§ SUPPLIED MATERIAL
--- START ---

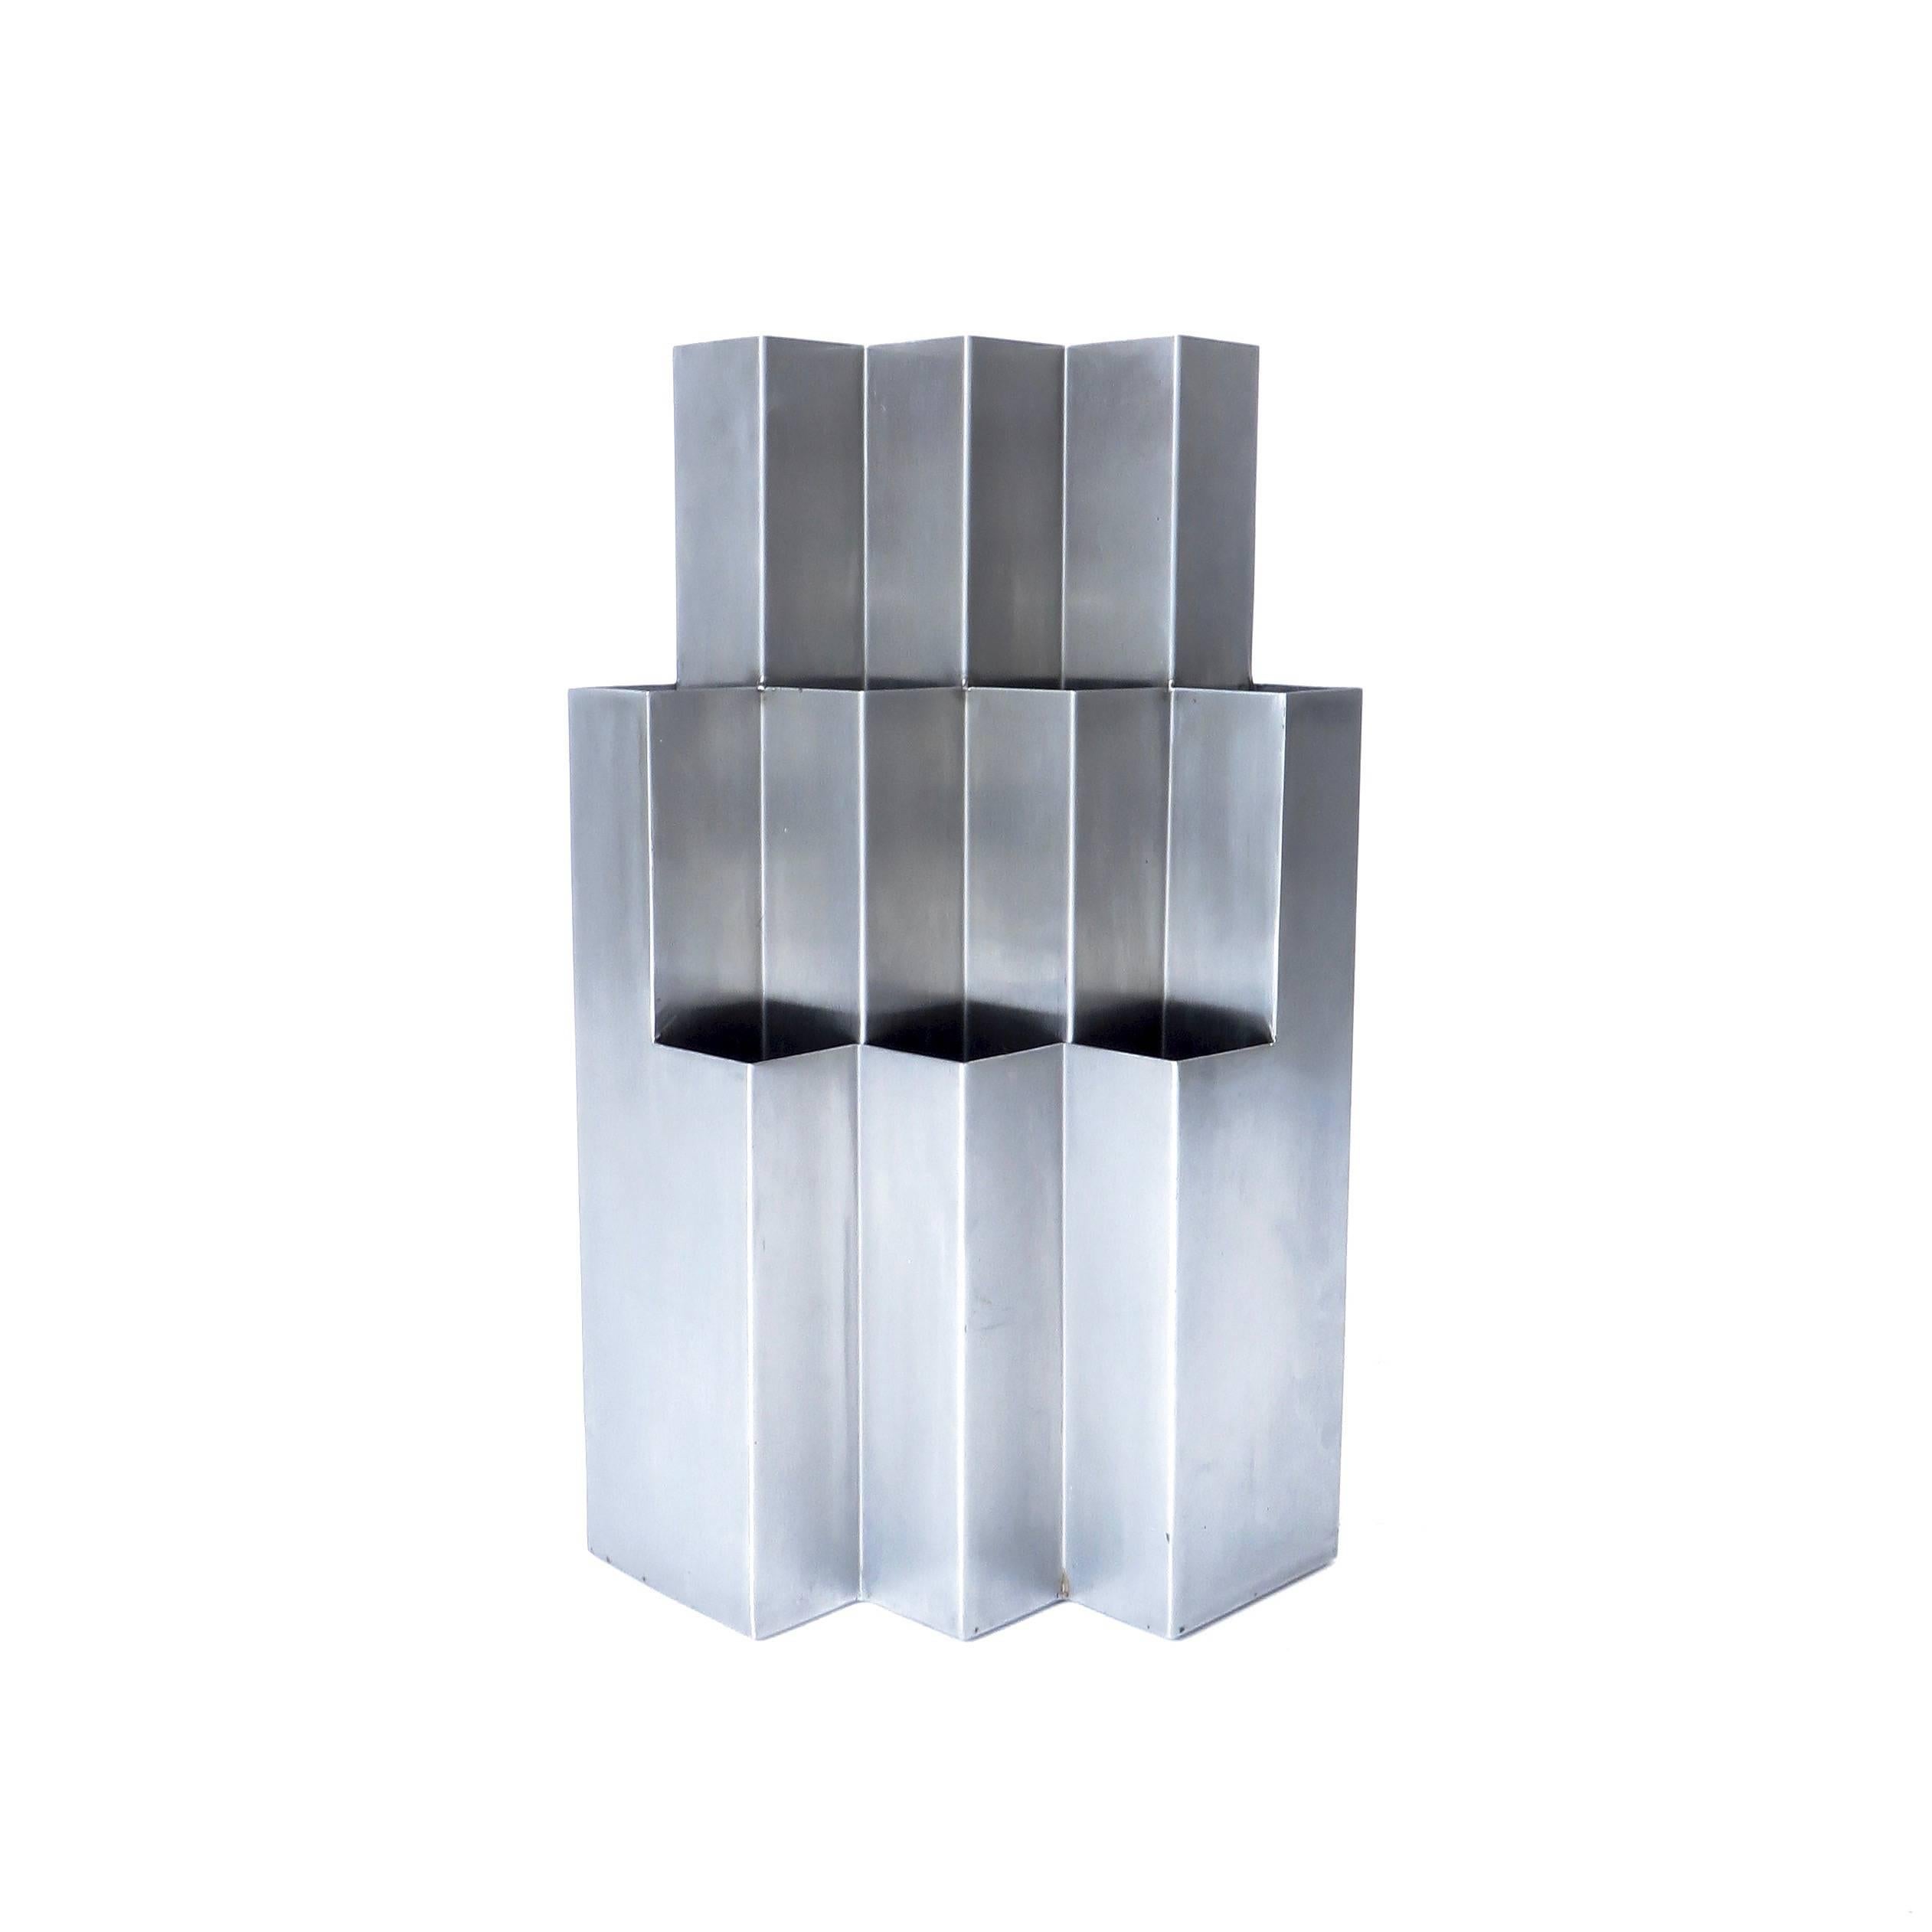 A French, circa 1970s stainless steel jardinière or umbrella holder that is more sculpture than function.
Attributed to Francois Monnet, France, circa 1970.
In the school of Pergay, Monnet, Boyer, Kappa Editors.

--- END ---

§ TASK STATEMENT
Could you restate all of the data above word for word and skip every picture?

§ OUTPUT FOR THIS TASK
 A French, circa 1970s stainless steel jardinière or umbrella holder that is more sculpture than function.
Attributed to Francois Monnet, France, circa 1970.
In the school of Pergay, Monnet, Boyer, Kappa Editors.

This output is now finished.